When I first started riding again after several years (like 10!) my ankles hurt too, a lot, even just posting trot. Make sure your irons aren't twisted on your foot. The foot of the iron should line up with the line on your boot and your boot line should also be right over the foot pad on the stirrup. That will make sure your weight is evenly distributed. Once I got my irons straight and placed right, the pain when away, literally in a matter of minutes, after a couple weeks of struggling with it. Don't know if that will help you, but worth a try!


----------



## Loosewolf (Oct 31, 2008)

I found two things with that...
I discovered long ago that one of my saddles was actually way too far forward a seat for posting/ standing...What that was, unknown to me at the time, was the stirrup position was 4 inches AHEAD of my center hip position.
This would force me to lean too hard on my ankles, and pain was the result.

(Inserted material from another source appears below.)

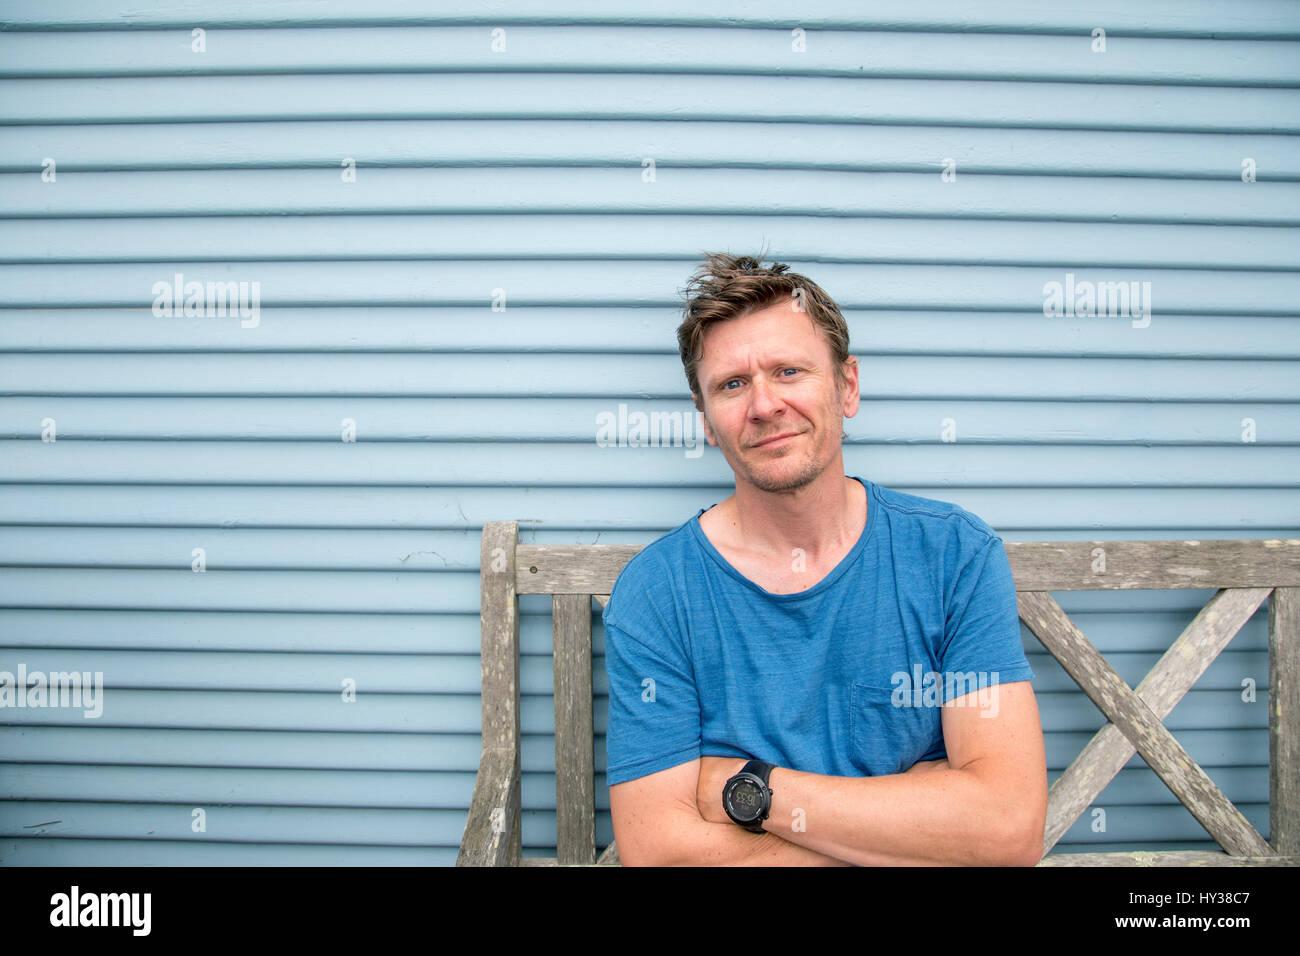 Stati Uniti, California, Pacific Grove, uomo seduto su una vecchia panca di legno Immagini Stock

I have to have (so should everybody really) the stirrup exactly under your balance center-point. The Imaginary vertical line from your shoulders through your feet. Otherwise, your not on balance, and your weight isn't being put ON the stirrups correctly.
I also discovered that I have bowed legs, and a generally strange lower-leg anatomy.It doesn't allow me to put my feet directly straight forward. I just cannot point my toes straight to the front.This too doesn't help with pain.
Some people (maybe you too) can overcome this with stretching and additional workout exercises (these can be googled for your purposes, if you wish). I also wonder, has any Physician had a looky at your ankles?...No physical problems, right?
ANYWAY, good luck -Lw


----------



## Gillian (Aug 2, 2008)

I've had ankle pain for years, and i'm only 17!
I started wearing an ankle brace/wrap thing on my weak ankle and it gives it the support it needs while riding. I would try wearing an ankle brace or wrap and see if it helps any.

:]


----------